The next session involved the music of the veteran French composer Éliane Radigue, presenting part of her "Occam Ocean" series for the acoustic Orchestra Of New Musical Creations, which featured players from France, Italy, Austria and Switzerland. Reeds, guitars, accordion, piano, percussion, brass and strings made up the enlarged spread. There was some electronic presence in the ranks, but the overall aura was acoustic in character, restrained, faint, and exceedingly gradual. It was as if the musicians were using natural means to gain the effect of an environmental electroacoustic work, which came as little surprise, given that Radigue's early decades were taken up entirely by tape pieces.

There are surely very few contenders for a composition such as this, in terms of absolute sensitised subtlety, and sheer slowness of development in natural space. Each player had to be phenomenally disciplined in controlling and shaping such low-event motion. Entering the Halle, it took a while to understand everyone's silence, as the performance had already begun, an ambient hum gradually discernible. It took patience to be subsumed, but the rewards were considerable, especially when dwelling in close proximity to many of the other sets, by outfits intent on opposite zones of construction, using density, hyperactivity, high volume and low bass rumbling to slam open their very different realms. One of the beauties of the Moers Festival is such a side-by-side coexistence of icepick-in-the-forehead rock'n'roll with ambient-salve minimalism.
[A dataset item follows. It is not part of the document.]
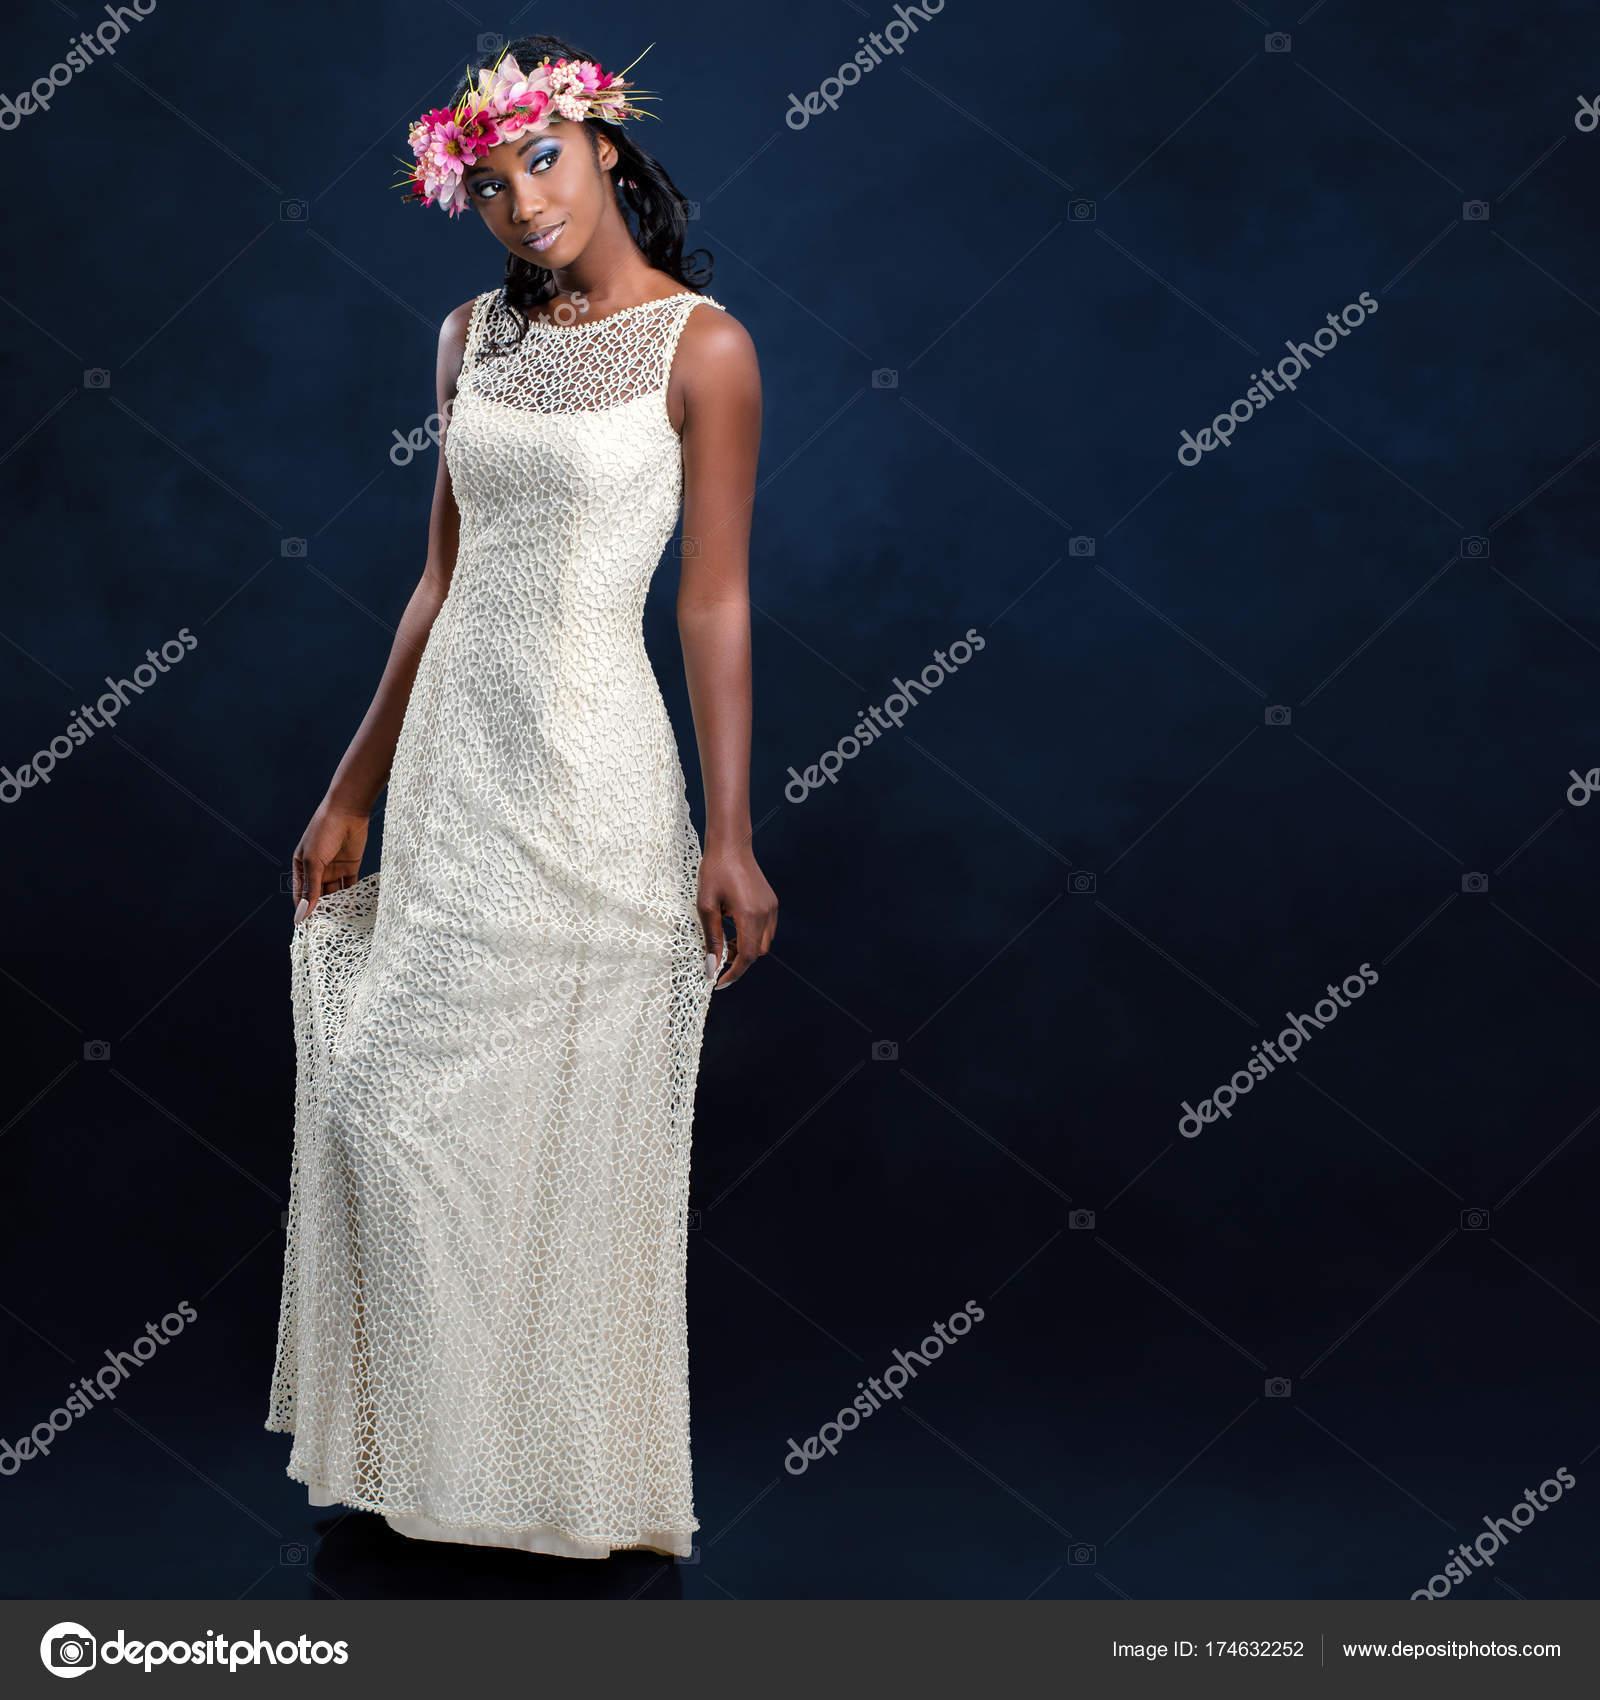 schöne Braut im weißen Hochzeitskleid — Stockfoto © karelnoppe ...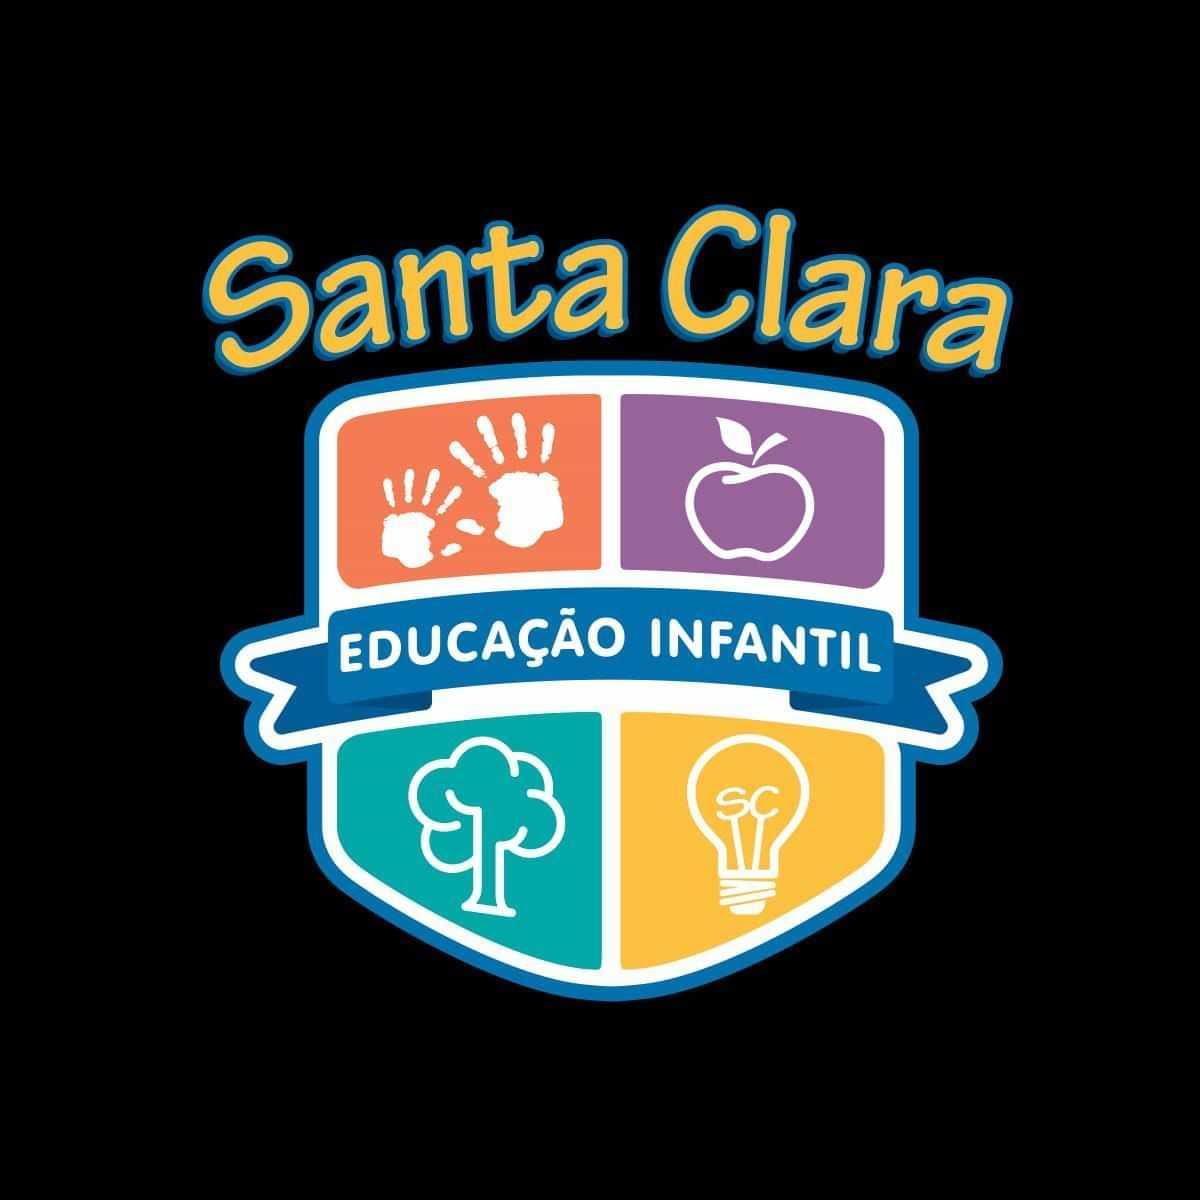 Santa Clara Educação Infantil

One of the festival's most powerful sets happened earlier that afternoon, on this final holiday Monday. Das Queue featured those Improvisers In Residence once again, with Matt Mottel (keyboards) and Kevin Shea (drums) joined by players they'd met in Moers during earlier weeks: Marja Burchard (vibraphone) Keisuke Matsuno (guitar) and Maasl Maier (bass). The set opened with a full-tilt free-suspension improvisation (or guided improvisation), collectively pushing with an in-flight rhythm wildness. Sat at a table, front-of-stage, was Ron Stabinsky, imported from NYC solely for his skill as master of the glowing glass orb-buzzer. This was to be a live contestant game, as the second part of the set invited a large bunch of improvisers, corralled by saxophonist Jan Klare, wise-owl organiser of the Moers Sessions.

Das Queue is born out of the pandemic experience of waiting in line, waiting on call centres, waiting on quarantine, waiting for a hospital bed, waiting for a test, waiting for a vaccination, waiting for services engendered by other services not being available, waiting on The Man. The artists formed a queue, snaking around the side of the stage, for the ultimate improvising competition, hitting the microphone, giving their all, at least until Stabinsky held palm on globe, buzzing 'nay.' Then, their time was up, but fortunately the music was so rocketing, the vibe so inspired, that all had their second or indeed third chance to radiate, producing some of the best soloing results possible, under heavy pressure. Then the bag burst, and all players flooded the stage, soloing in chaotic unison, vaccines running wild in their veins, free improvisation re-born in a laboratory.